Revolt, escape, FREEDOM!..or..Reclamation of SANITY!

writing

Today I decisively reclaimed my sanity. I showed up at my stable at 7:30 am. Tacked up my horse. Jumped on her back and rode out of that hellhole, without a word to anyone. Sayonara bitches! I do not have a trailer, and did not have the time or want the hassle of arranging for one, so I grabbed a map and devised a route. We rode 4 miles through the city to my new barn destination, would have been 3.5 had we not gotten turned around. Some would say radical, but it was mostly just liberating. I’m sure it was a weird sight, a giant horse toting around a girl through streets and suburbs. But for me it was perfect, until, despite all of my planning, we got lost. At first it seemed a lot like a set-back, until we came upon a ravine I had never seen before, concealed as it were in a wash, below and between streets. Green at its floor and wide open ahead, it beckoned we lay foot to its soil and reconnoiter. It wasn’t a setback, it was a gift…and we accepted. There was gallop. Hooves bouncing rhythmically from grass, warm waves of air brushing against skin, blood rose to head and freedom to mind, sanity was once again firmly within our grasp.

 In my recent blog entry titled “Proximity over sanity” I had described the unfortunate circumstances of my horse’s lodgings. To sum it up, due to considerations of proximity I had subjected myself to continual indecency from the two “women” who own/run the stable. These two have over time proven themselves to be completely deranged, mostly rude, never helpful, seldom civil.

 For months I had walked on eggshells, tolerated being the subject of untrue gossip, endured castigating outbursts and unfounded suspicion. Boohoo, poor me. I know. Stay with me though. Riding had taken a backseat to escalating anxiety, to keeping a low profile, to worrying about the welfare of my equine child. I don’t mean to come of as a victim, but there is a frailty to my composition, which stems from being raised by good, decent, intelligent people. That’s the thing about a stable upbringing, it can be a hindrance in an unstable world. It precludes people like myself from developing the coping mechanisms necessary for fending off those people unlike myself. I should have thicker skin by this point, as my world-the horse world, is full of folks who would greatly benefit from a spell in a mental health sanitarium or, at least, a lithium prescription. But I don’t.
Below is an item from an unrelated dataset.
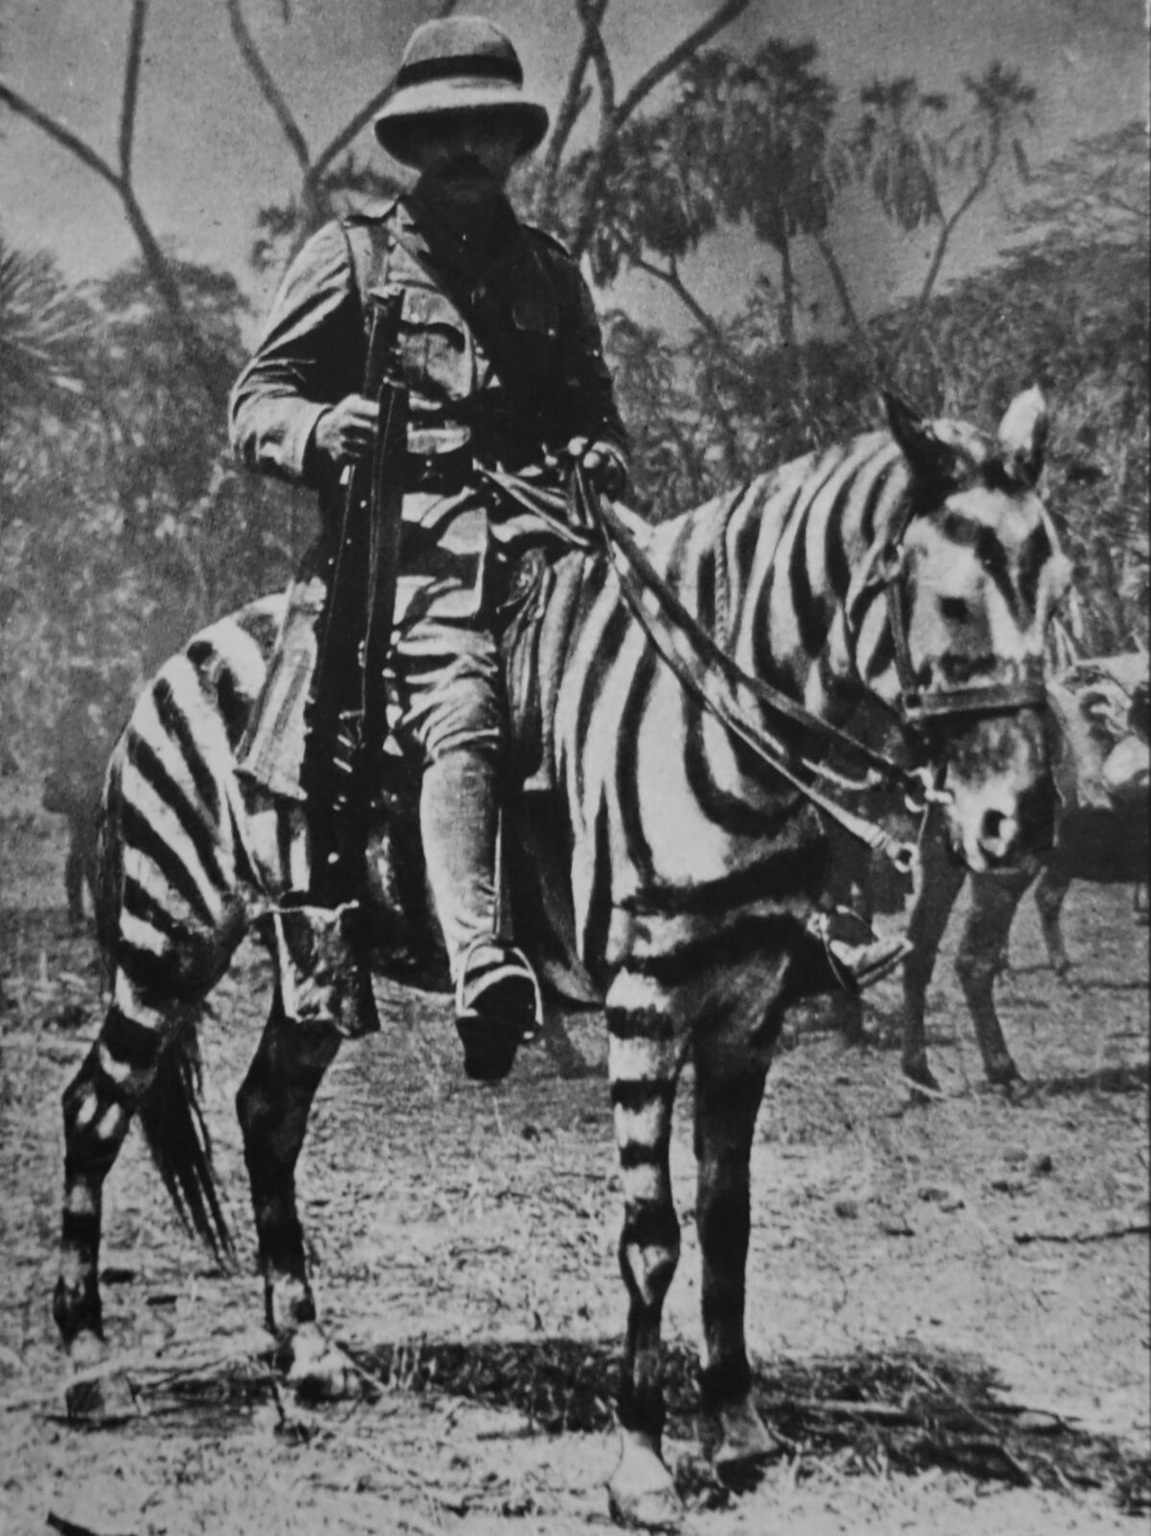 British soldier on a pony in zebra camouflage. East Africa WWI (1915)

I think in this way I’ll always be a bit of a delicate flower :P.

Being treated like dirt, it just doesn’t become me, and, on the few occasions in the past, I tried to fight fire with fire, mean with mean, insult with insult, but I felt so much unlike myself that it was not even worth it. The trouble is, somehow the ratio of crazy to sane is sorely disproportionate in the horse world. The greatest, most unifying flaws in horse people character are, in my opinion, lack of humility, perspective and restraint, in the worst-case scenario they are vicious too. In general, I’ve found also, that those, who lay claim to being paragons of kindness and compassion, tend to be the worst kind of snakes, most proficient at inflicting hurt. I am no saint, but I simply can’t attack people, not even in retaliation. I don’t want to wound them, to hurt them using their shortcomings or insecurities. I just don’t, I can’t. CAN ANYONE RELATE? This leaves me feeling defenseless and without any recourse, short of avoidance. But being a horse gal, I don’t have the luxury of avoiding horse folks. Sigh. Anyways, I digressed. I’ll have to expatiate on all the reasons for which I dislike human kind in a separate blog entry, eponymously titled Misanthropy Misunderstood. 😀

Thanks for reading.

On Sanity & Proximity

humor, writing

Proximity over Sanity? or The day I got yelled at and cried like a baby.
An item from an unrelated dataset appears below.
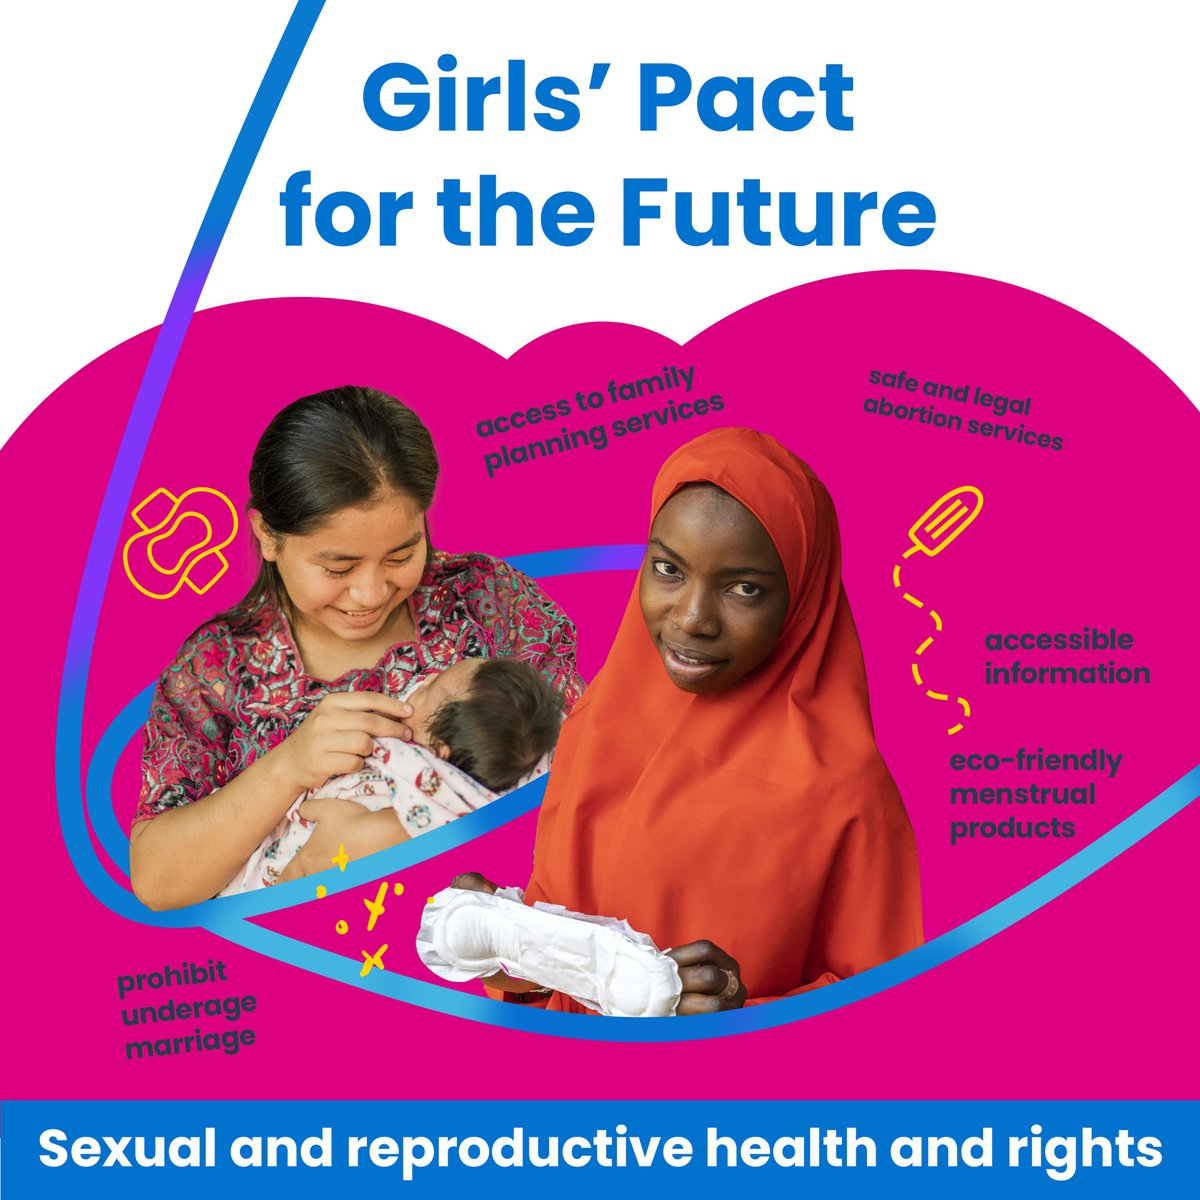 The #FutureGirlsWant is one where all young people have access to youth-friendly sexual and reproductive health services. In the Girls’ Pact for the Future, they’re calling on global leaders to remove barriers such as cost, stigma, and lack of information

It became apparent to me today that I have traded my sanity for proximity. I want to warn you, in terms of entertainment value, this post is about as effective as a flat tire.  I don’t really want to burden you, reader, peruser or scanner, with the minutia of my daily life, but in this instance, it can’t be helped, as it is I who needs to unburden. And just as a disclaimer, I’d like to add that I too hate blogs where people discuss inconsequential occurrences in their day, like they are some universally relevant and relatable events. Be warned this thing falls under that peevish category.
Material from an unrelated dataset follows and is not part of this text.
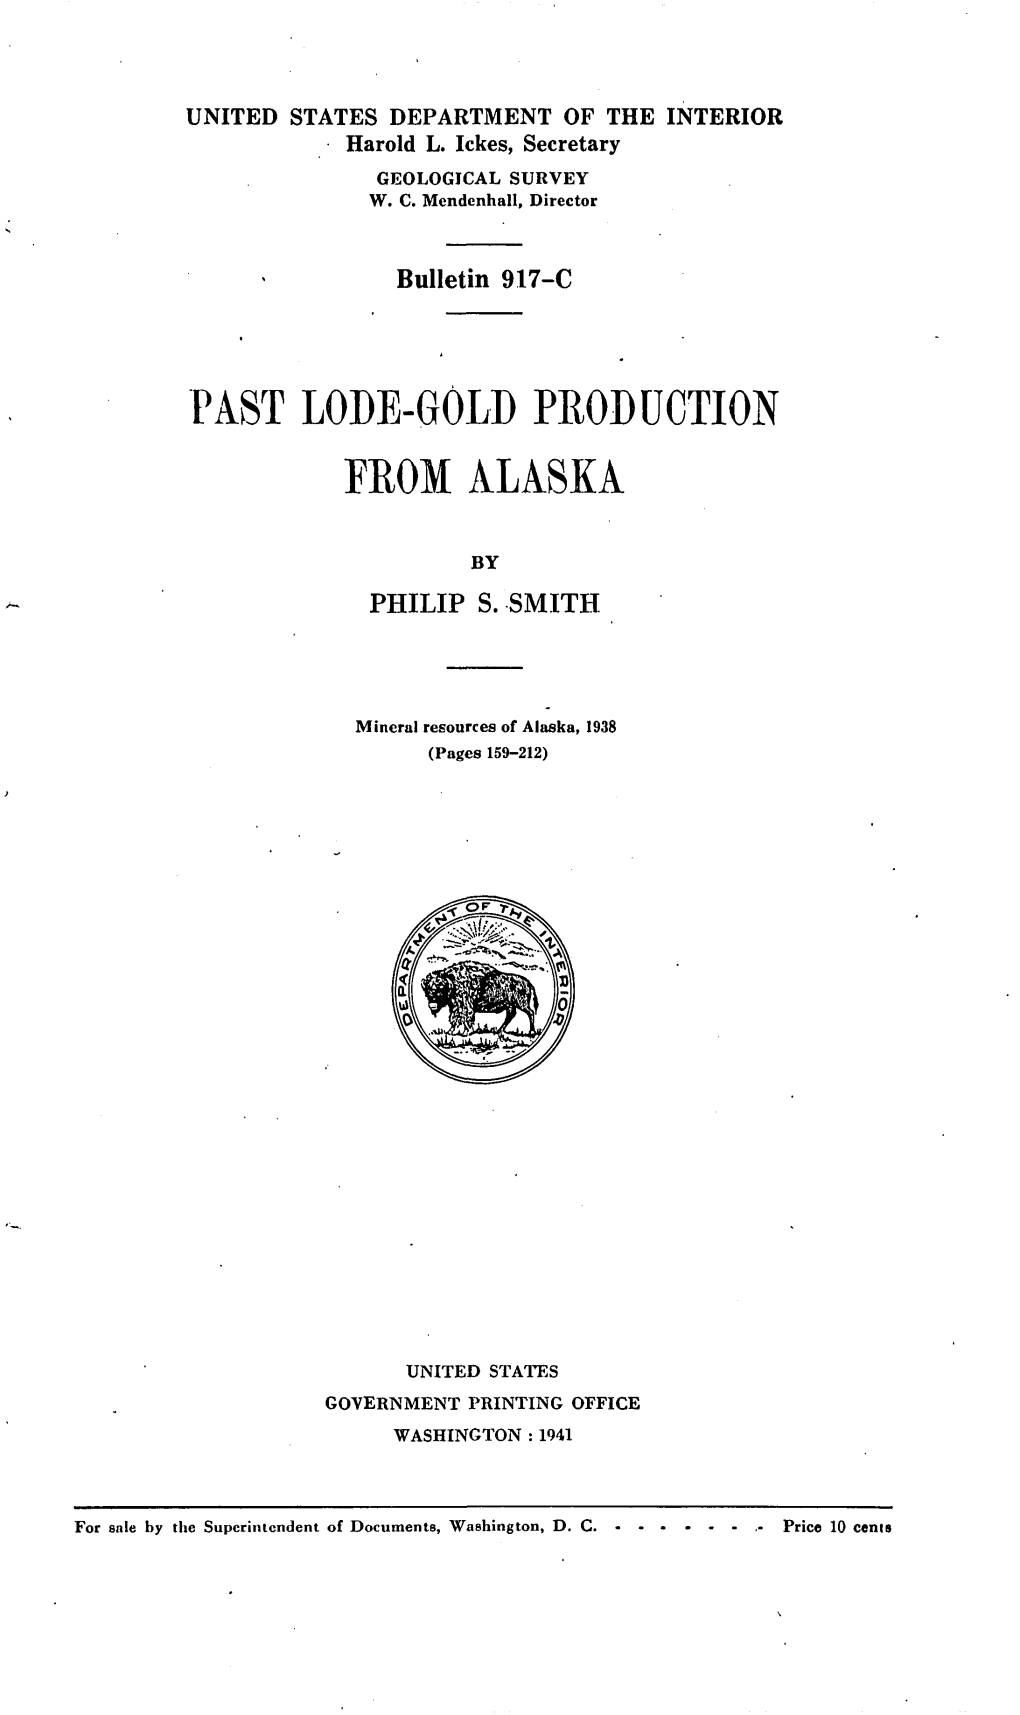 Past Lode-Gold Production from Alaska

To preface, I am a dedicated equestrian. I board at a facility with the unique advantage of extreme proximity. It is located no further than 4 miles from my home, which really means it’s magical. If you are not keeping your horses on your own property, and don’t live in the country, then you know what I mean, a centrally located barn is like the Chupacabra of the equestrian world. Furthermore, mine is reasonably priced, which is a miracle! So it’s both, magical and miraculous.

This barn’s inhabitants are an eclectic band of people and horses. It is overseen by two women, who live on the property, or quite literally in the barn, as they lodge in a structure attached to it. If one of them wasn’t big and the other one small, and if they didn’t have a gap of a few decades between them, they could quite literally be the same person. One owns it, the other one runs it. Both are about as hospitable as a flu, and entirely devoid of restraint, with a habit of raising their voices on a dime. I have learned from a few experiences here, that they are like hot skillets, as long as you don’t touch them, you’ll be ok….unless somehow one lunges itself at you of course (as it did at me today), then you are, quite frankly, fucked . The other trick to surviving here, in this viper’s nest of estrogen, conceit, gossip and bad manners, is to stay away from mostly everyone. Which is fine by me, since I am, by my own admittance, a bit of a misanthrope.

I try my best to be invisible, which is not hard, except that I am quite tall ;P. I don’t socialize, don’t partake in the chatter; and, since I am a night owl, I ride late and mostly alone.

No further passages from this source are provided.